Выбрать главу

Очень полезно также предлагать молодому человеку кататься, причем надо дать почувствовать, что его берут так, лишь бы торчал кто-нибудь; что когда его не было, то торчал какой-нибудь Сергей Федорович или Федор Сергеевич. Уморительный человек! Выпучит глаза и смотрит, не пошевелится, а голос так и дрожит, и колени так и трясутся… Ведь есть же такие люди! Но пускай, пускай его себе кипятится молодой человек. Пусть ему кажется, что на лице у кучера, важно растопырившего руки, непременно должна быть нарисована ирония; пусть ему кажется, что пристяжные, выбрыкивая, махая хвостами и поворачивая головы в стороны, делают это неспроста, что они заглядывают в экипаж и думают: «Эх, куда это едете вы, беспутные!» Пусть он себе думает, что ему угодно: когда его ненависть дойдет до крайних пределов, он, дрожа и задыхаясь, упадет пред женщиной лет за тридцать на колени!

Или хорошо предложить молодому человеку гулять вечером, при луне, в поле (там ведь как-то просторнее, а то этот сад ужасно надоел), конечно, ежели он не устал, потому что в крайнем случае можно и без него обойтись. Но молодой человек не только не устал, но и сам рассчитывал пройтись и именно в поле. Поле залито серебряным светом луны; легкий, прозрачный пар покрывает его ширь, свежий запах наполняет воздух, и, Боже сохрани, если где-либо поблизости заливается соловей! Ясное дело, что они идут под руку. Где-нибудь во ржи послышится шорох, сова неслышно пролетит мимо, какой-то мягкий, гармонический звук донесется из-за далекого озера — она вздрогнет и ближе прижмется к молодому человеку… Он чувствует прикосновение ее роскошной, теплой груди, и температура его тела поднимается до точки кипения. Он хочет говорить, но слова не идут с языка. Он замер, оцепенел в наслаждении. Она сама заговаривает. Она берет за тему какие-нибудь незначительные предметы, говорит ровно, спокойно, но в тоне ее слышится уже доверие… Ага! и ты наконец не выдержала! Завтра ты заговоришь о любви, в твоем тоне послышится еще большее доверие; потом ты станешь жаловаться… Это минута торжества, упоения… «Черт вас возьми, степи, как вы хороши!..» Если б в этом восклицании не «степи», то оно как нельзя лучше выражало бы мое мнение о таких прогулках.

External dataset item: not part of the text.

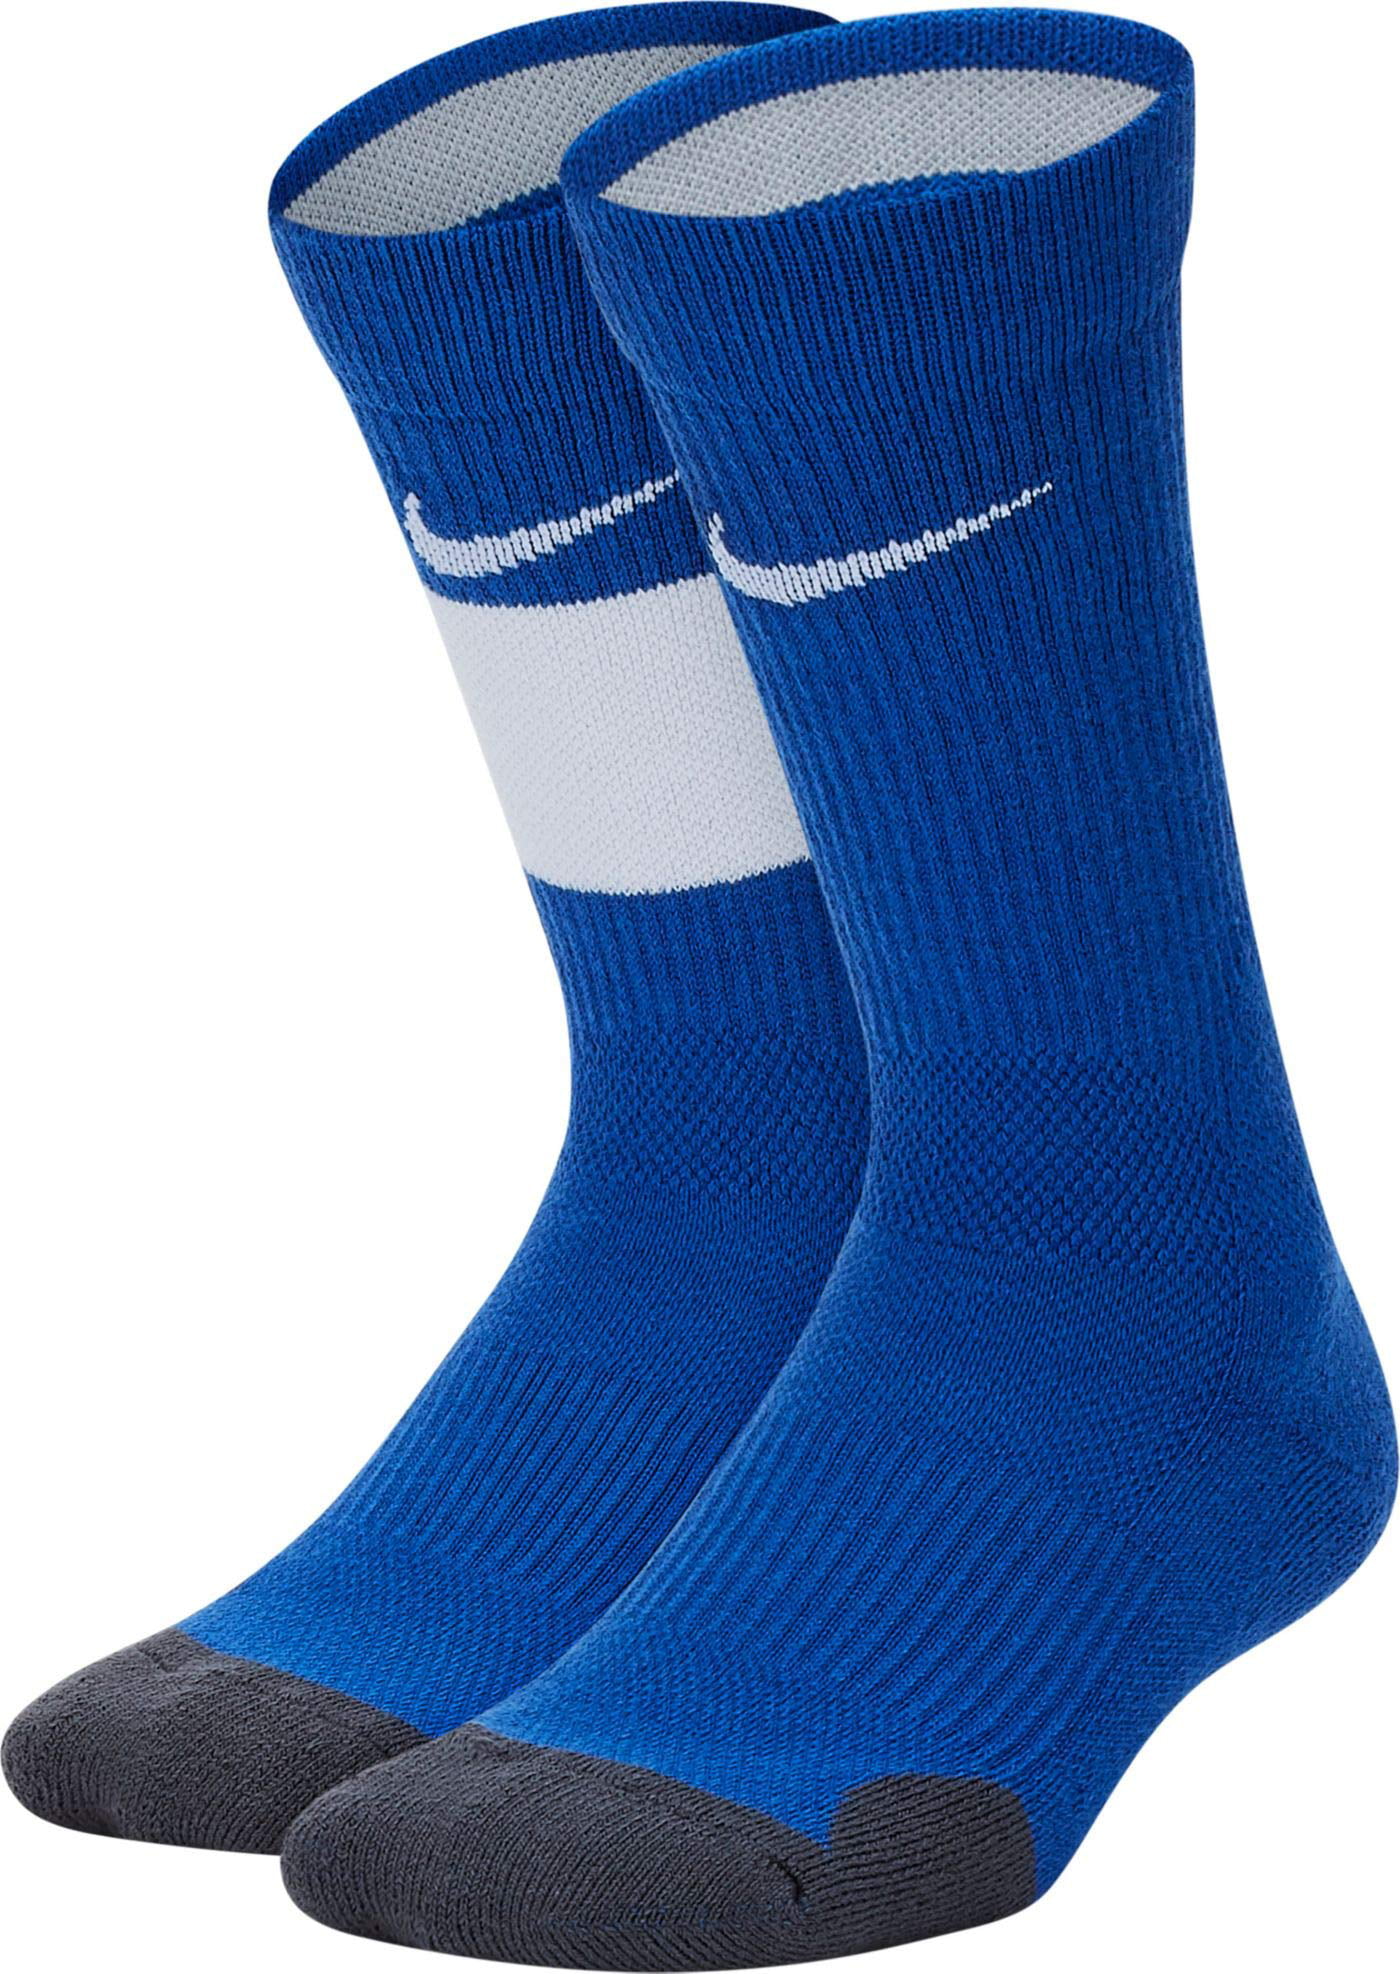 size 5 nike socks

Я ее ненавидел. Я пробовал было поговорить и, если возможно, сблизиться с Марьей Андреевной, которая возбуждала во мне любопытство своей загадочностью. Всегда одна, всегда не то печальная, не то задумчивая, она то бродила по саду, то сидела по целым дням за книгой, то смотрела на нас как будто с насмешливой улыбкой. Но всегда как-то так случалось, что когда я соберусь выйти за нею в сад, чтобы там случайно встретить, заглянуть в книжку, спросить: «Что вы читаете?» — и вообще завязать разговор — всегда так случалось, что Анна Михайловна позовет меня своим чудным, певучим голосом и попросит что-нибудь почитать… Ужасная женщина! Признаюсь, я много рассчитывал на такие чтения, но она сама выбирала статью, где не было ничего подходящего, и я злился еще больше. Наконец я-таки дождался своего: она предложила читать что мне угодно. Я взял «Брюхо Парижа». Неужто, думал я, она не покраснеет при виде спокойной, жирной и белой женщины-героини и не умилится душою от странной, сухой, но оригинальной и симпатичной фигуры «тощего человека!» Я читал с величайшим пафосом и так подчеркивал картины и выражения, что если б то было карандашом, то бумага не выдержала бы подобного натиска. Но и тут мне сначала не везло.

— Мама! — вбегал Коля в самом интересном месте. — Я пойду гулять.

— Извините… (ко мне). Ты куда хочешь идти? (к нему).